Specializes in Emergency.

From the moment you punch in to the moment you punch out - you are working (hence, getting paid). Ms. Ramona needs to punch out when she is done doing her share of work (if she wants to sit in the break room at 2310 until the end of her shift at 2330, then she should punch out at 2310 if there is work to do and she doesn't want to do it). However, she won't do this because it's a red flag for management (where I work, we get "talked to" if we punch out 5 minutes before the end of shift).

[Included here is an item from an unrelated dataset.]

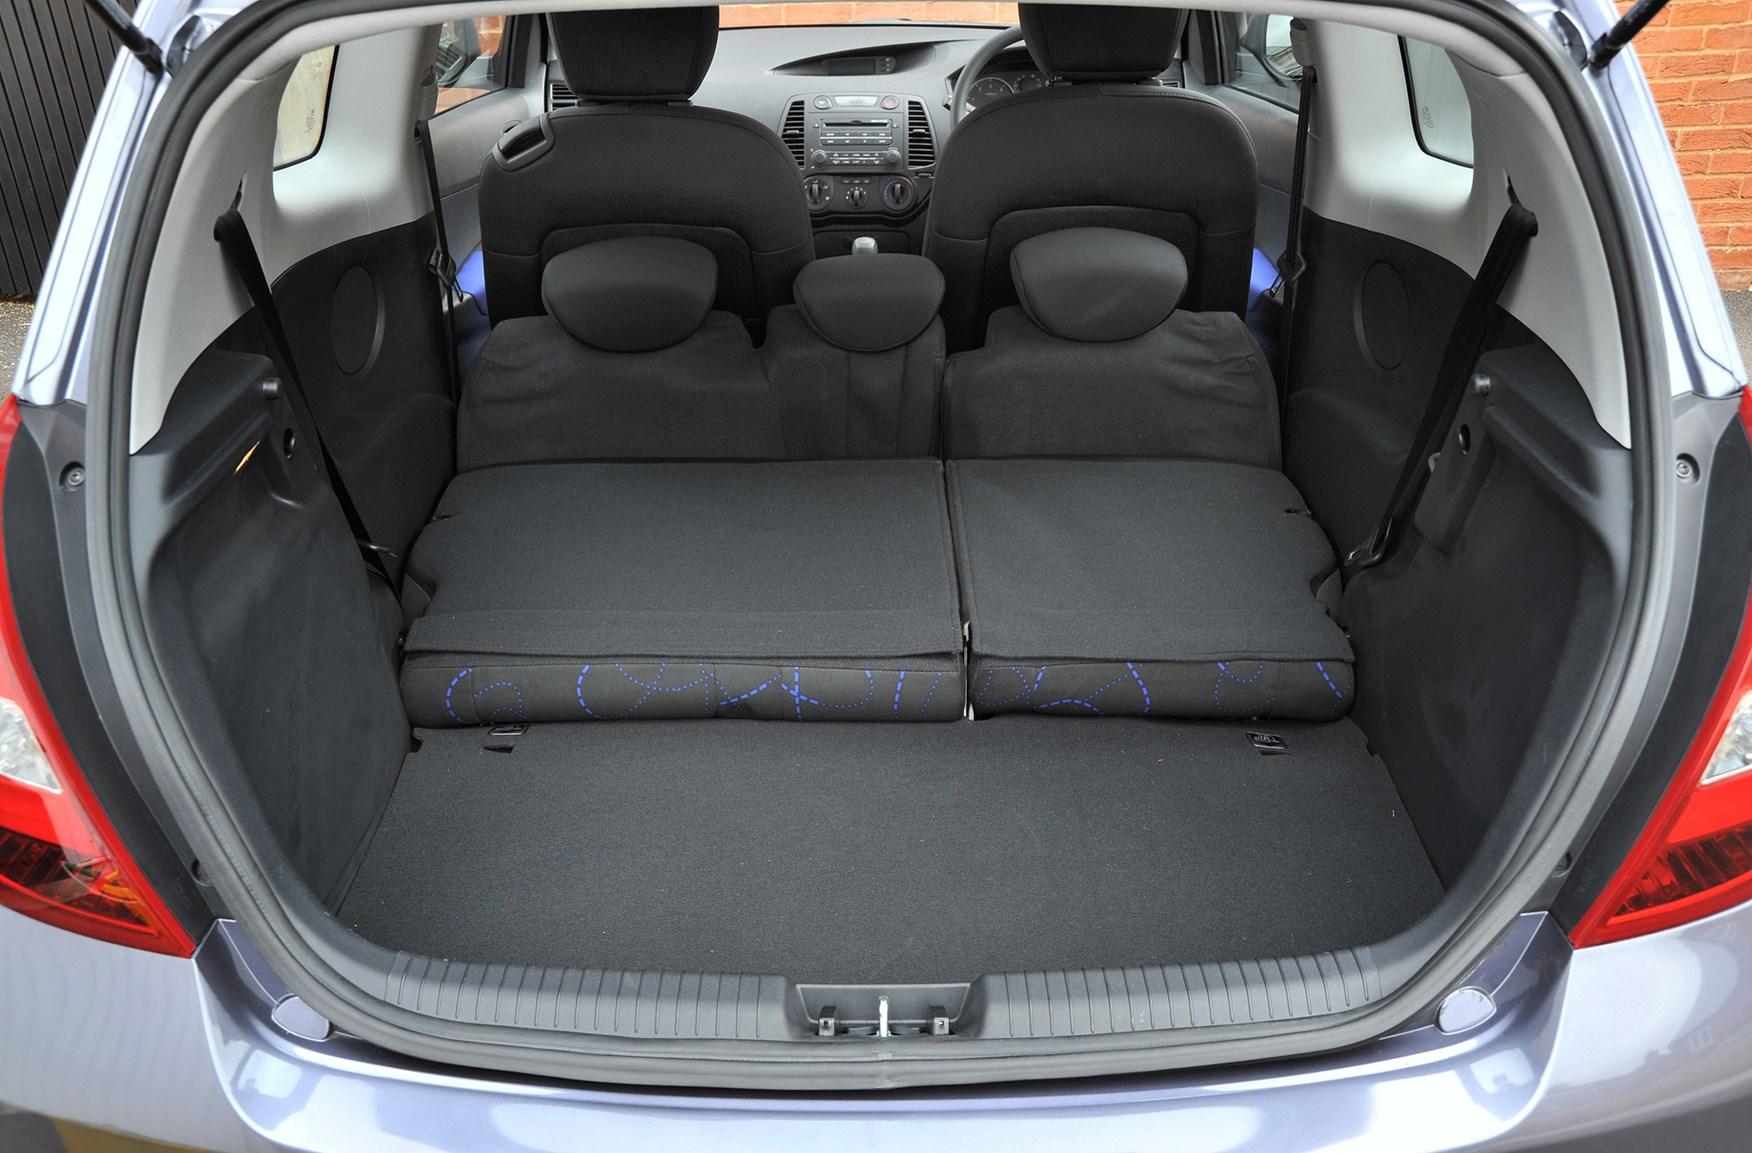 Hyundai I20 Hatchback 2009 2014 Features Equipment
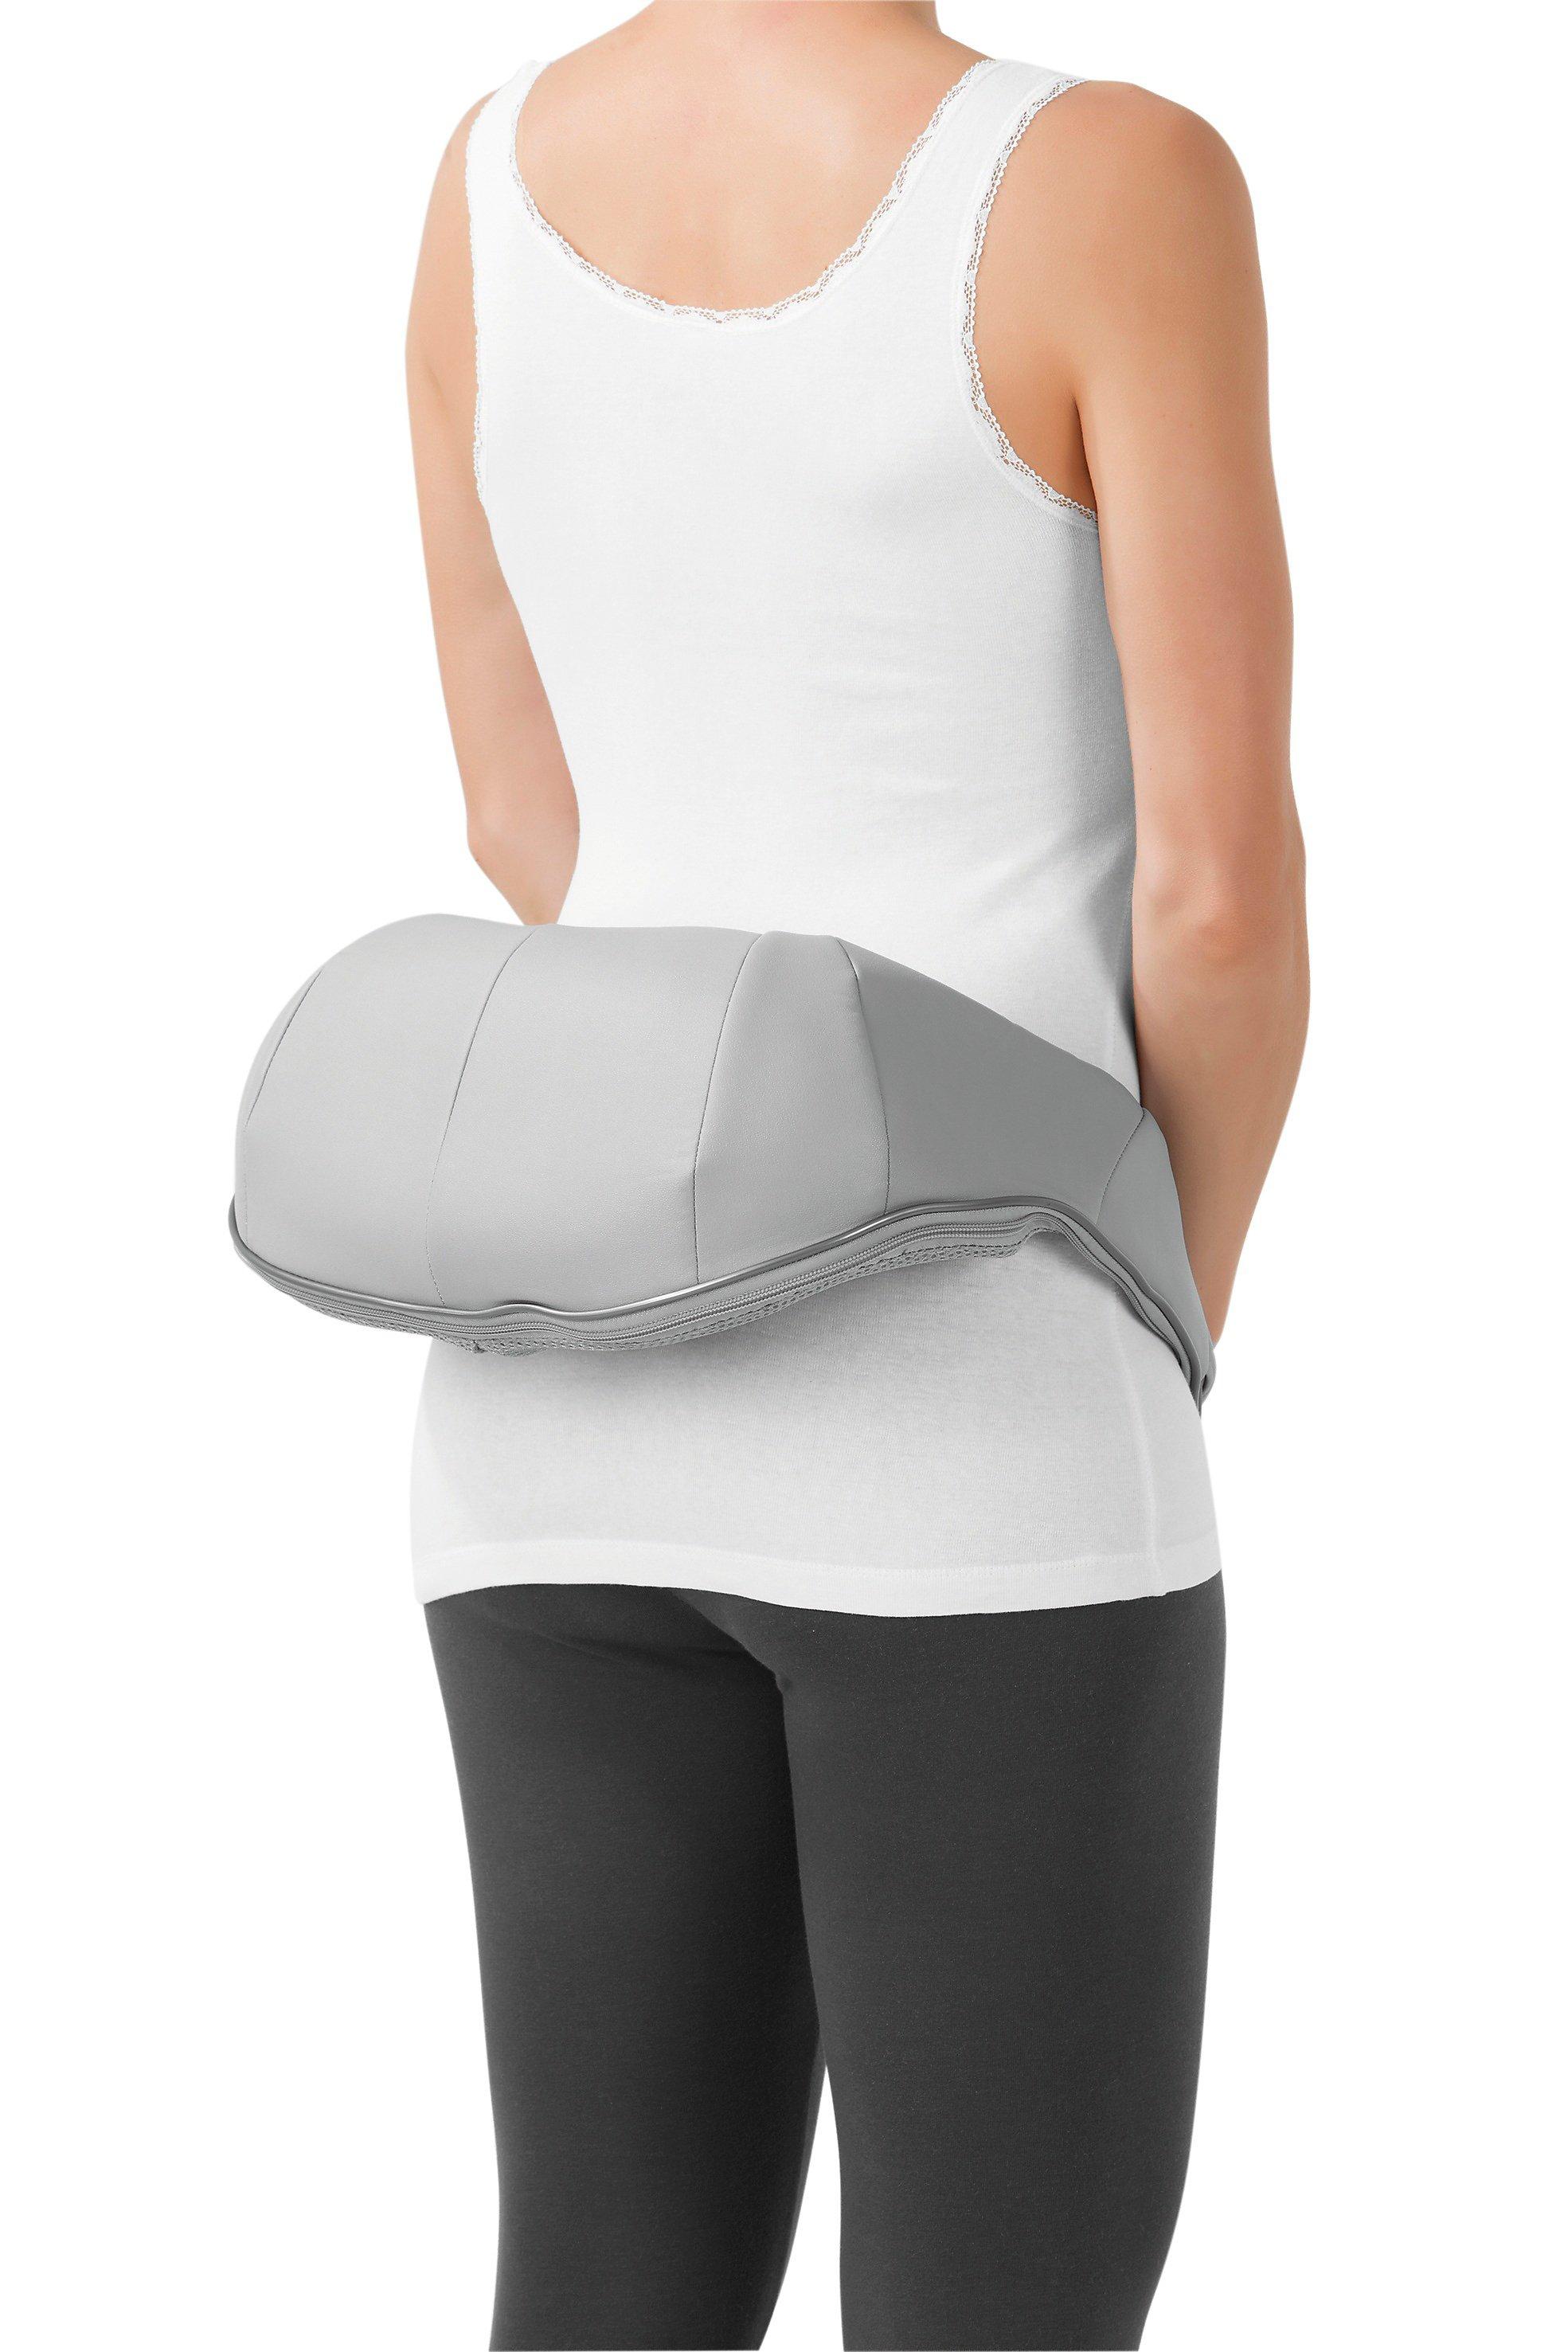 Vitalmaxx Shiatsu Massagegerät Für Nacken Schultern Weltbildde

Usually I am stuck working past the end of my shift, but today was the exception; I was caught up and report was given by 1510. So, did I sit in the break room? Nope! I made sure all my vitals were up-to-date; my shift relief just got a new pt so I popped my head into the room to see if he needed any help. Then, I asked my fellow first-shift co-workers "what can I help you out with?" After all was said and done, I punched out at 1528 (yay, I finally got out on time today)!

Try to delegate some things to keep her busy until the end of her shift, assuming you need the help getting caught up and familiarized with the pts. If she says no, I'd address this with someone who could mediate the situation.

There's a reason for shift-overlap: to give report and work together to meet the pts needs. Its nice to have an extra set of hands to get caught up and wind-down at the end of a shift. Sure, it would be nice to fly through report and give the bare minimum so I could get out early - but its not safe for the pts and its not fair for the next nurse taking my report. So, lets work together, get familiarized with the pts and what is ordered, ask questions that arise during the 30 minutes of shift-overlap, and help each other out so we're not constantly working to catch up!

IMHO, Ramona is stealing from the hospital and is cheating the pts and nurses who take her report. Dont let it continue...

There's a difference between punching out at 2310 one time, "because I stayed late to cover since we were short second shift, and I gotta leave and pick up my daughter"; its a whole other story to give a crappy report and sit in the break room for the remainder of the shift, still punched in on the clock.